The primary outcome of this study was to find the association between the values of urinary trypsinogen-2 and TAP and the severity levels of acute pancreatitis. We investigated the relative accuracy of the urine trypsinogen-2 dipstick test for the diagnosis of acute pancreatitis and attempted to reconfirm its validity with published results.
Statistical analysis
In the qualitative evaluation of urinary trypsinogen-2 dipstick test for the diagnosis of acute pancreatitis, the sensitivity and of specificity with 95% confidence interval (CI), lower bound to upper bound were calculated. In the quantitative measurement of urinary trypsinogen-2 and TAP, data were expressed as median and lower and upper quartile. Their area under the curve (AUC) scores between severe and mild pancreatitis groups were calculated by logistic regression analysis. The relationship among 3 groups evaluated by scores of CT Grade was analyzed using ordinal logistic regression.
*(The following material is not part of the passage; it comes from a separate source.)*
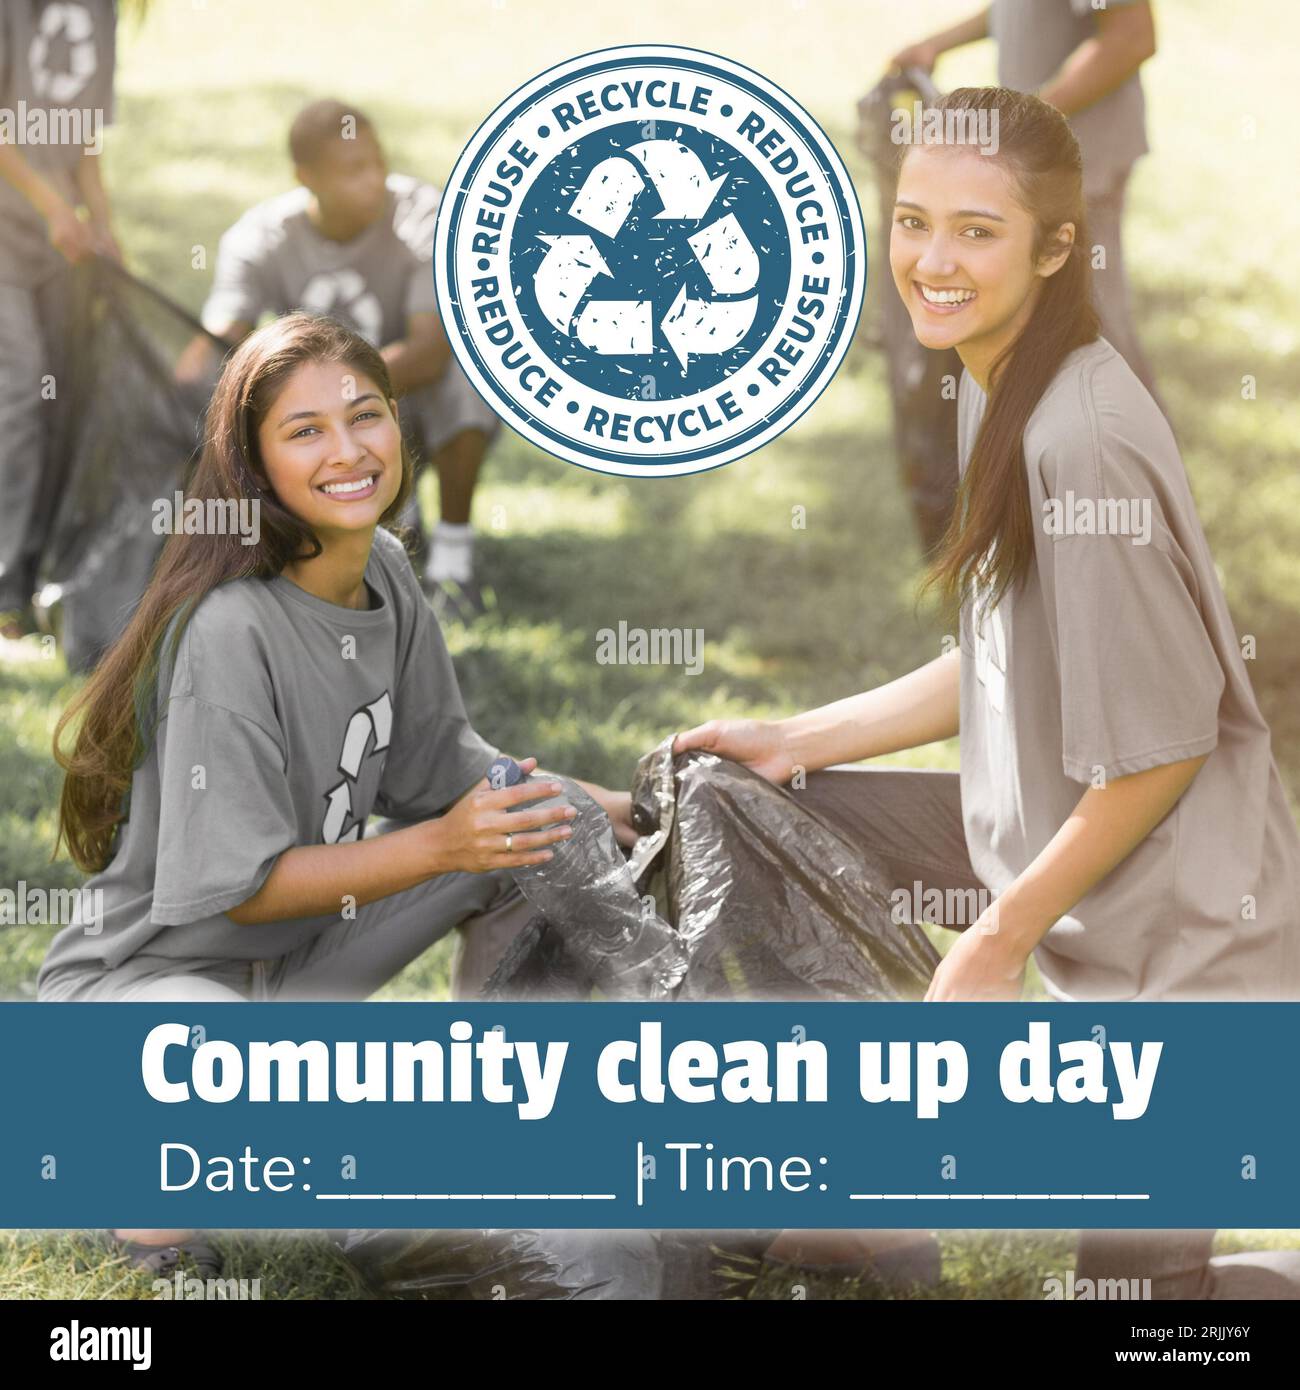 Composite of community clean up day text over diverse girls recycling Stock Photo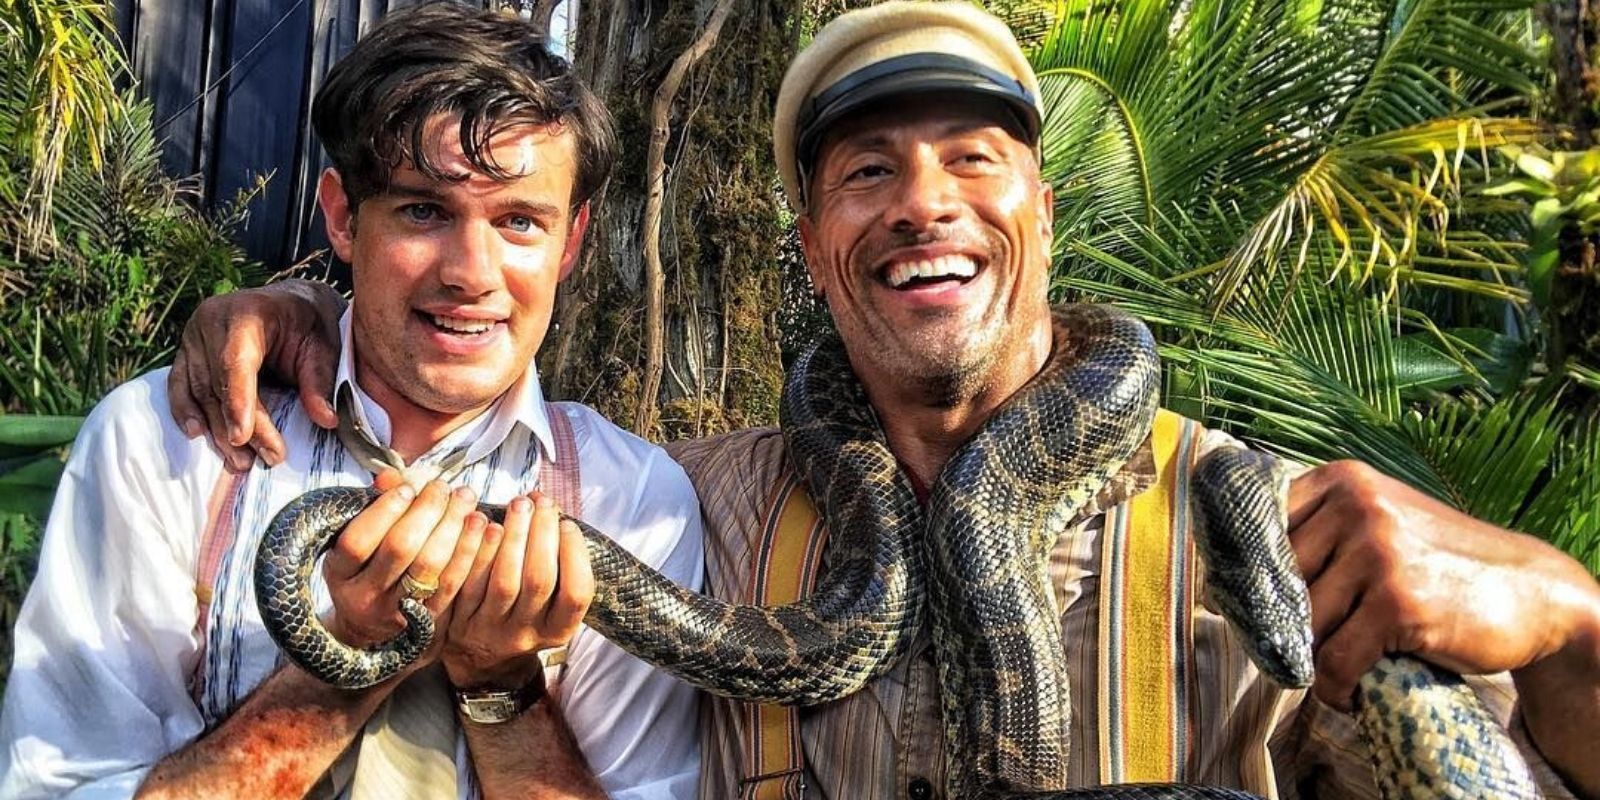 Jack Whitehall and Dwayne Johnson in a behind the scenes photo from Disney's Jungle Cruise

Significance was defined by a P value of < 0.05. All statistical analyses were performed using JMP® statistical software, version 8 (SAS Institute Inc., Cary, NC, United States).
RESULTS
A total of 94 patients with acute abdominal pain who were seen in the emergency centers and hospitalized at 17 medical institutions in Japan were included in this study. The mean age was 58.0 years (range: 25 to 92 years). Of these patients, 78 (82.9%) were diagnosed with acute pancreatitis and 16 (17.1%) with different diseases such as acute gastritis, biliary stones, and peptic ulcer. The characteristics of patients at enrollment are summarized in Table 2.
Table 2.
The characteristics of patients at enrollment
| Acute pancreatitis (n = 78) | Other disease (n = 16) | |
| Age, median (IQR), yr | 57 (28) | 61 (26) |
| Sex, n: male/female | 50/26 | 9/7 |
| Etiology of acute pancreatitis, n (%) | ||
| Alcohol | 26 (33.3) | |
| Gallstones | 13 (16.7) | |
| Idiopathic | 12 (15.4) | |
| Post-ERCP | 5 (6.4) | |
| Others | 22 (28.2) | |
| Prognostic factor score by JMHLW (2008) criteria (n = 78) | ||
| Mean (SD) | 0.9 (1.2) | |
| Severe acute pancreatitis (≥ 3), n (%) | 9 (11.5) | |
| Score of CT Grade by JMHLW (2008) criteria (n = 70) | ||
| Mean (SD) | 1.0 (1.2) | |
| Severe acute pancreatitis (Score ≥ 2), n (%) | 28 (40) |
The results of the urinary trypsinogen-2 dipstick test were positive in 57 of the 78 patients with acute pancreatitis (sensitivity: 73.1%, 95%CI: 0.62-0.82). Dipstick results were also positive in 6 of 16 patients with abdominal pain but no evidence of acute pancreatitis (specificity: 62.5%, 95%CI: 0.39-0.82). The positive and negative predictive values of the trypsinogen-2 dipstick test for the diagnosis of acute pancreatitis were 90.5% and 32.3%, respectively.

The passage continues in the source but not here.